■ WHAT TO PRODUCE ■
Using the data that follows, output only the lines from the line with "Chicago T-Shirt Red" up to and including the line with "Marianne Williamson Quote", exactly, leaving pictures aside.

■ RECORDS SHOWN ■

###

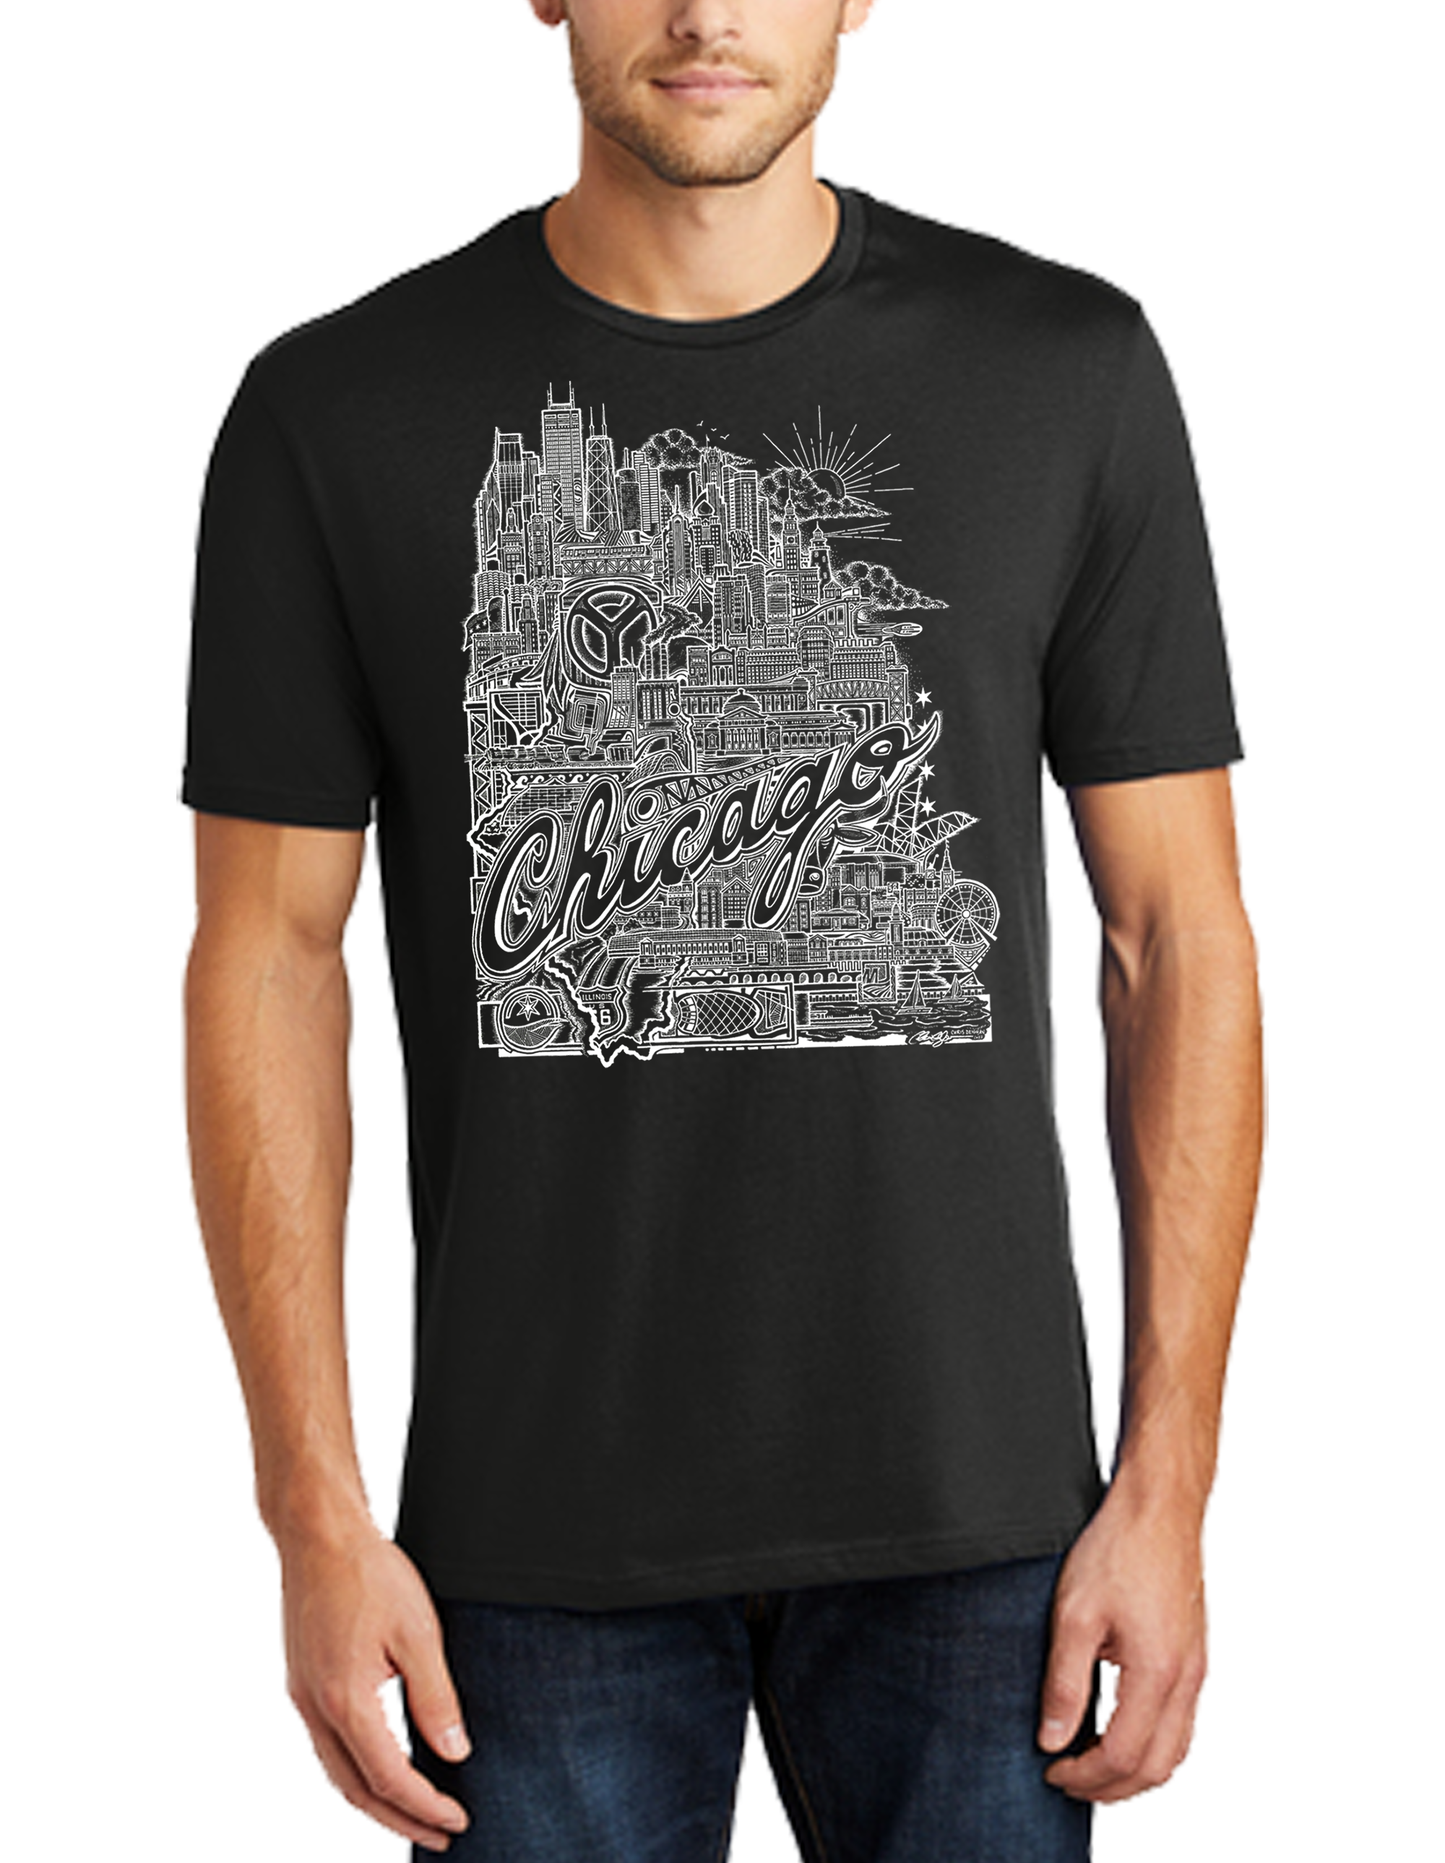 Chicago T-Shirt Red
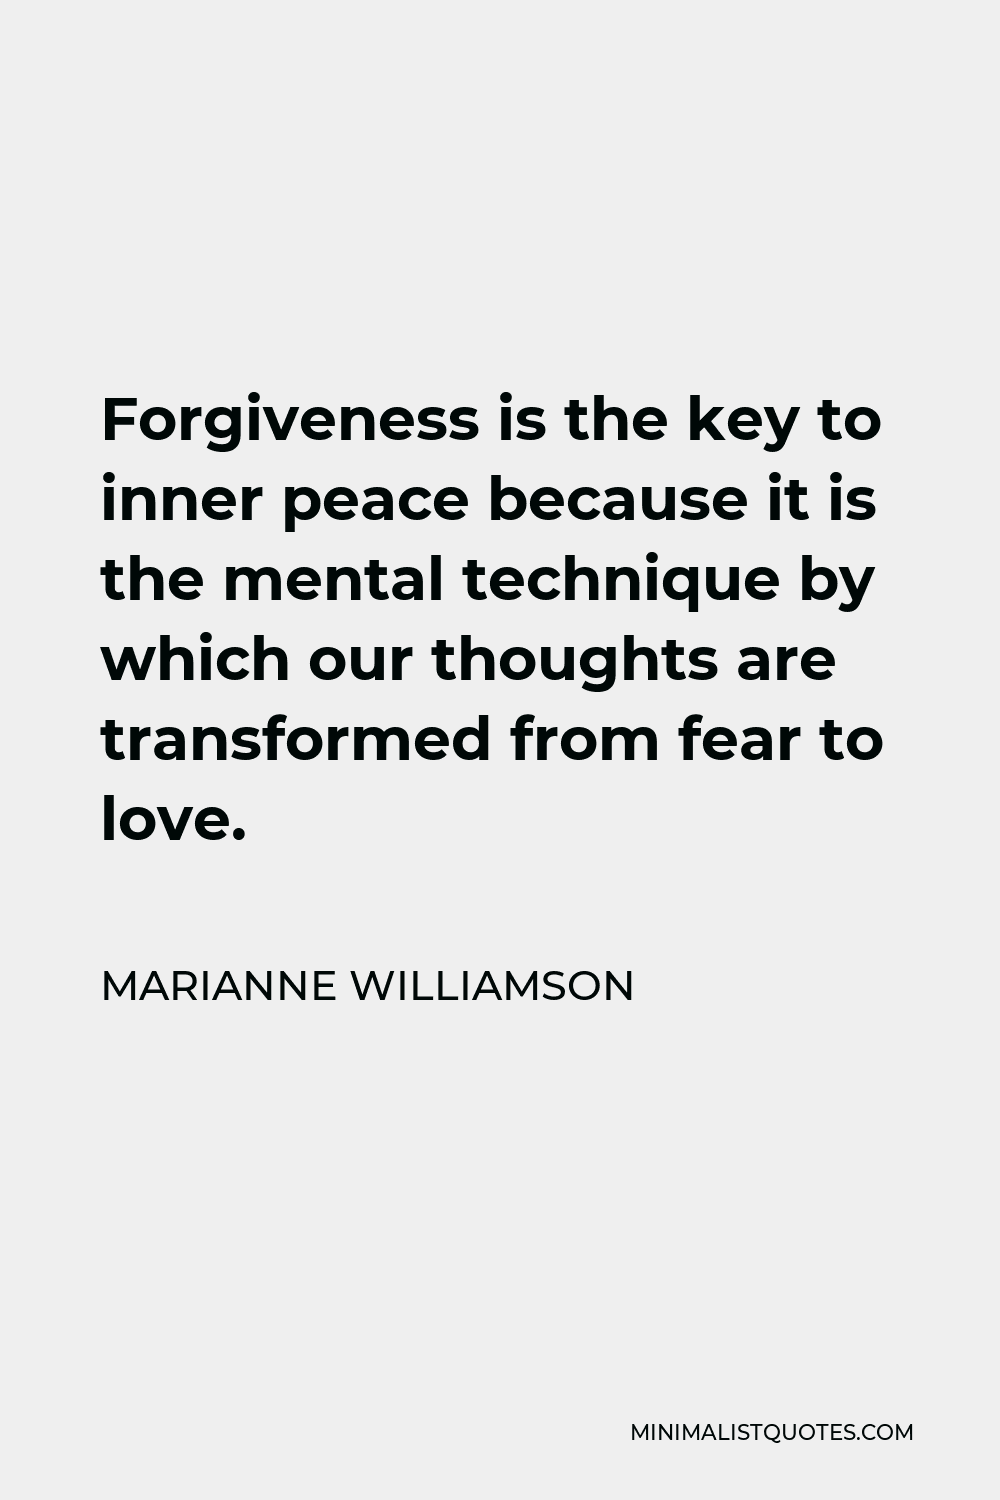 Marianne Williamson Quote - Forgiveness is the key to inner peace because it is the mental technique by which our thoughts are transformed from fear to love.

###

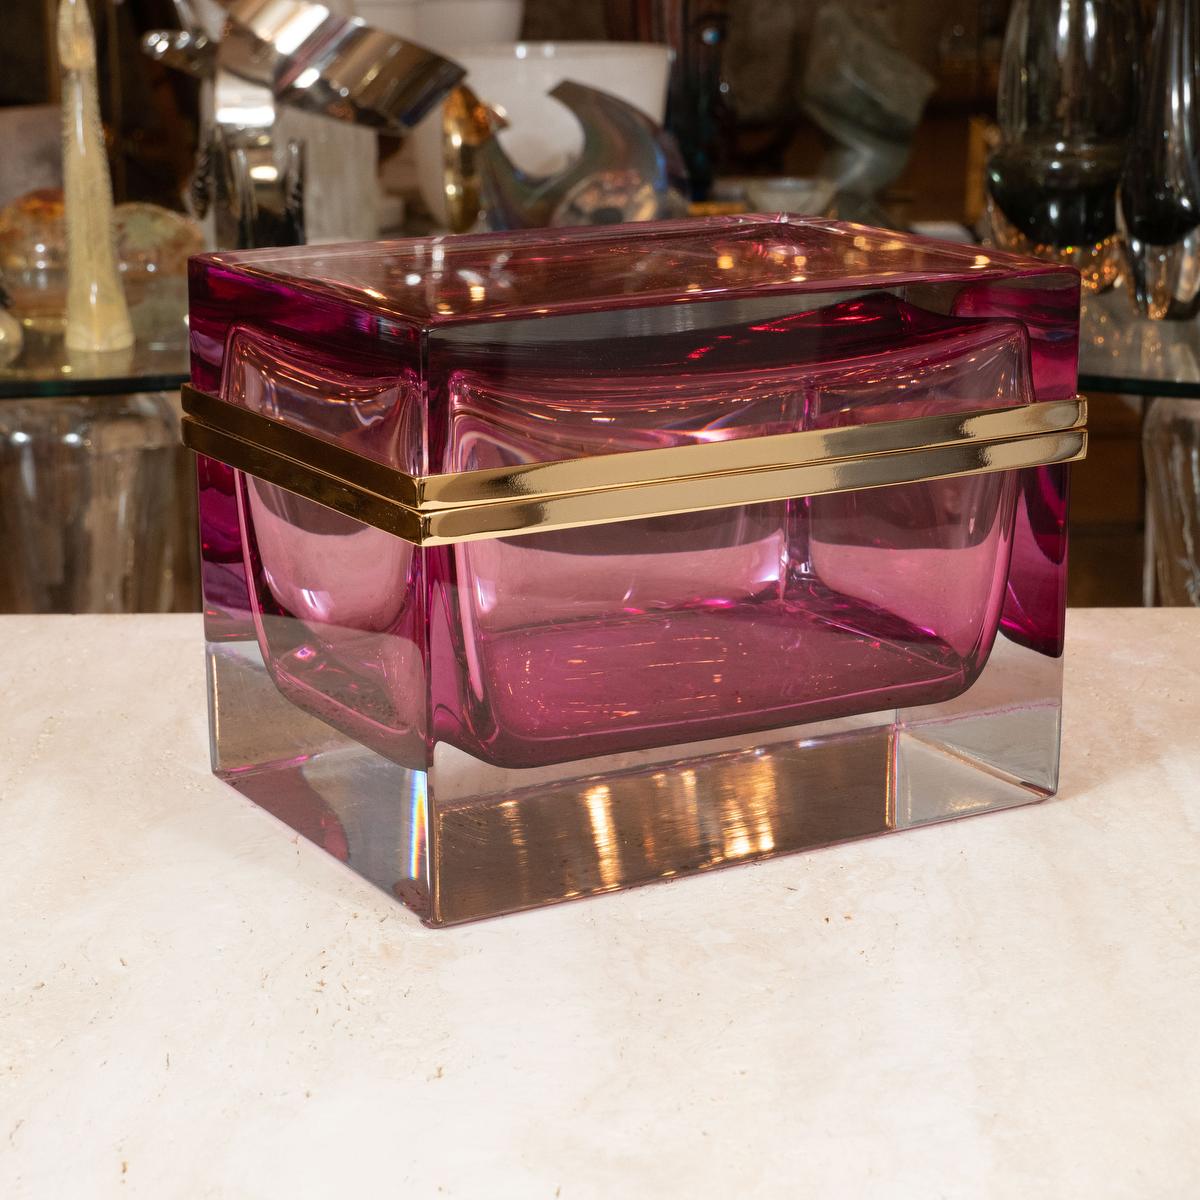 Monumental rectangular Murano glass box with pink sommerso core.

###

■ TASK OUTPUT ■
 Chicago T-Shirt Red
 Marianne Williamson Quote - Forgiveness is the key to inner peace because it is the mental technique by which our thoughts are transformed from fear to love.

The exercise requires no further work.